One can observe that the last image’s quality is the best out of four (since it uses the most PCs) but it is not even close to a high quality image.

# The `new`

Image.

We now know that the performance of PCA in image compression is highly useful to its original image but not for a similar image. It’s natural to ask whether it will be worst if a totally unrelated image (such as `new`

image) was used instead. Let’s check it out.

```
rnew = new[, ,1]
gnew = new[, ,2]
bnew = new[, ,3]
new_rgb = list(rnew,gnew,bnew)
for (i in pcnum){
pca.img = compress(tour.pca, new_rgb, pcnum = i, dims = c(458,715, 3))
writeJPEG(pca.img, paste(path,"/new","/new_compressed_", round(i,0), '_components.jpg', sep = ''))
}
```

While the image output does not look exactly like the original image, the main features of the image is clearly shown on it.

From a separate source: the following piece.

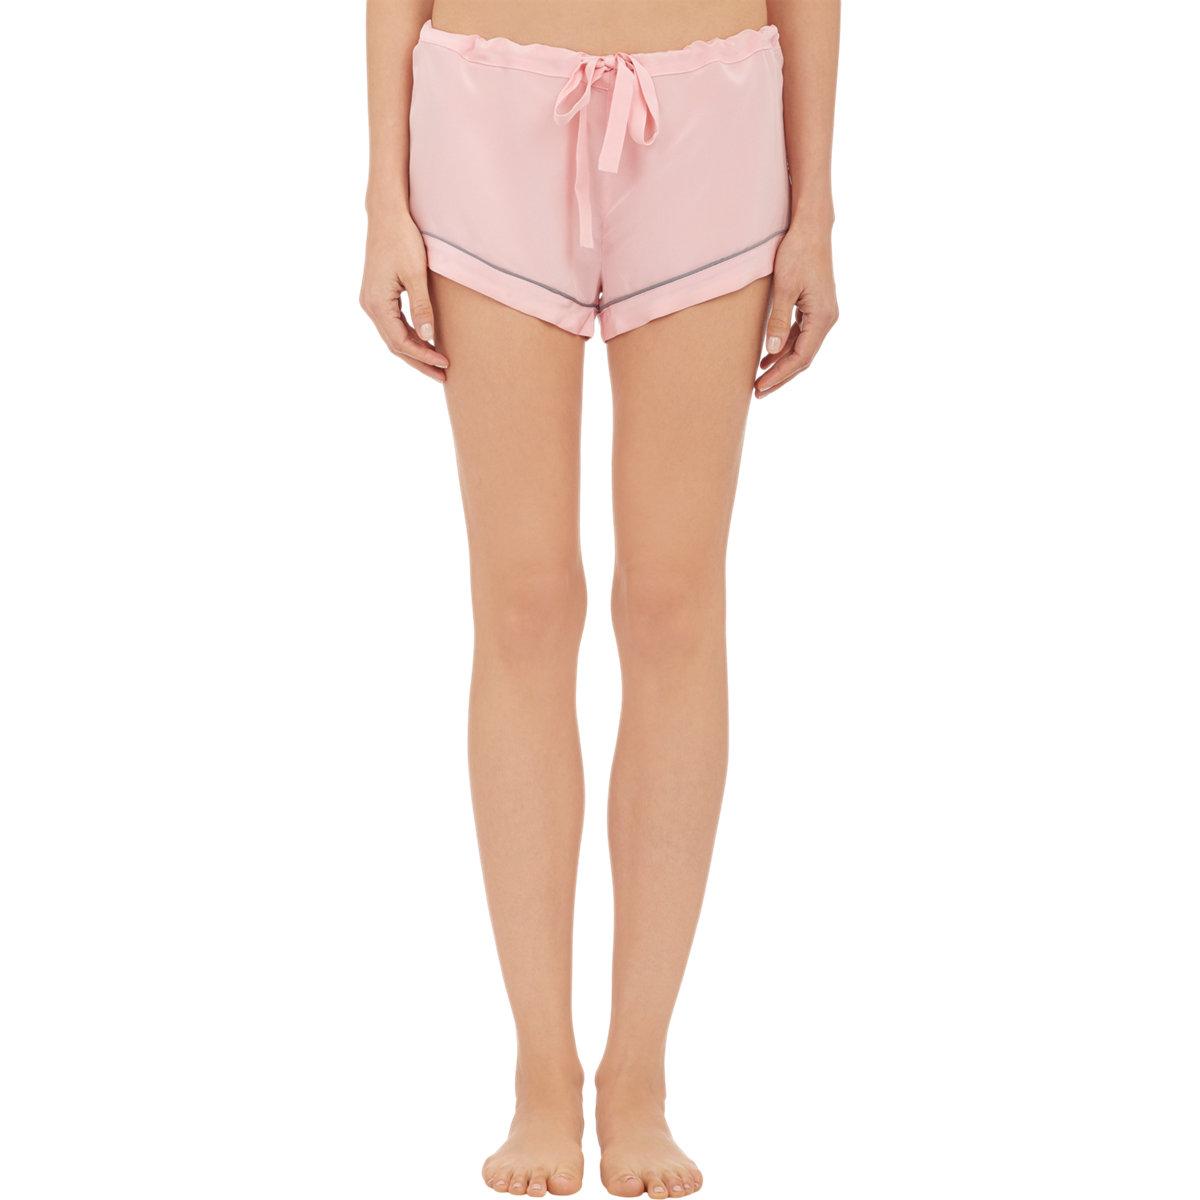 Lyst - Steven Alan Crepe De Chine Drawstring Pajama Shorts in Pink 6a0cb0cbd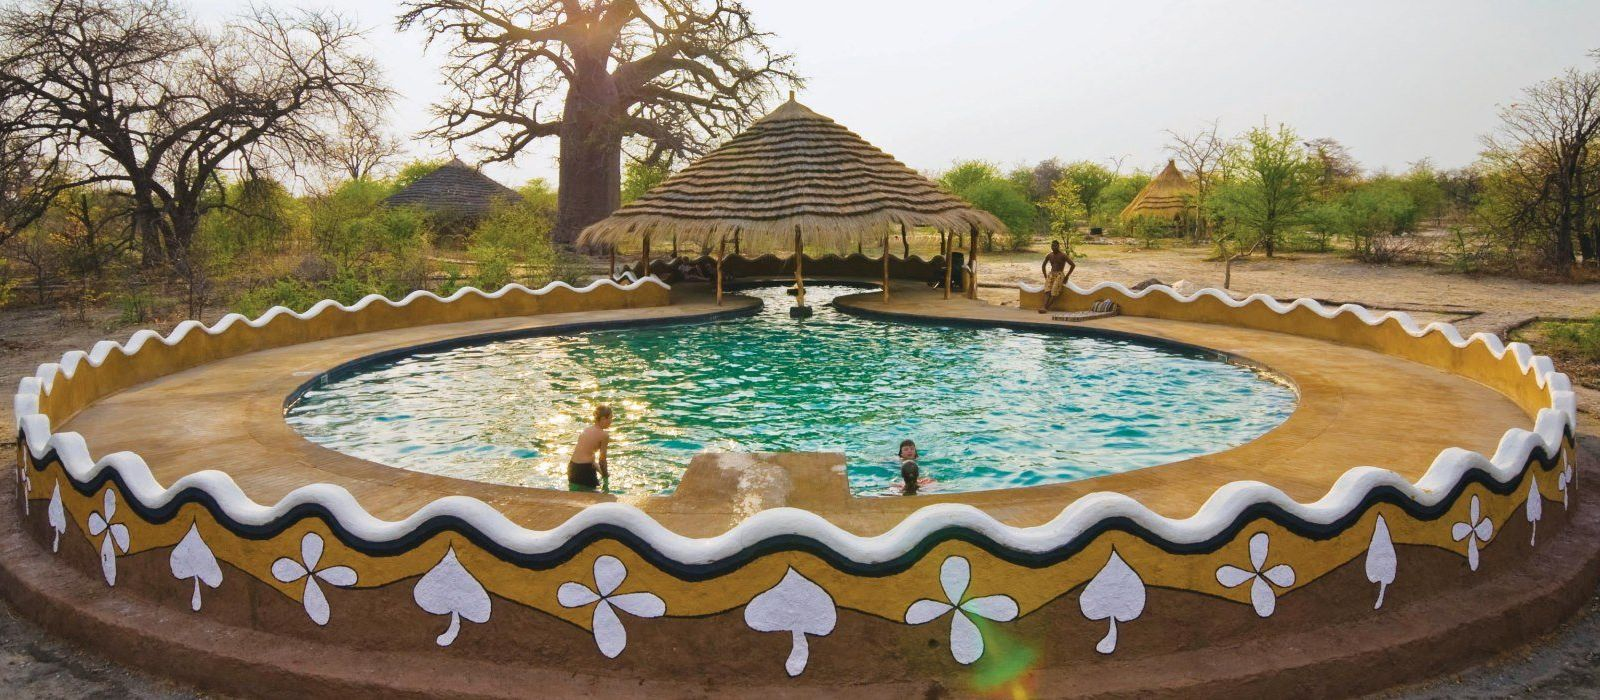 Hotel Planet Baobab Botswana

This is pretty impressive because the machine learns the rules of extracting important information based on only one image `tour`

. One can experiment increase the number of PCs to get a higher resolution image too.

# Summary

Principal Component Analysis is a great tool for dimension reduction (thus, sinze reduction in this case), extracting important insights, and uncover underlying message of a dataset.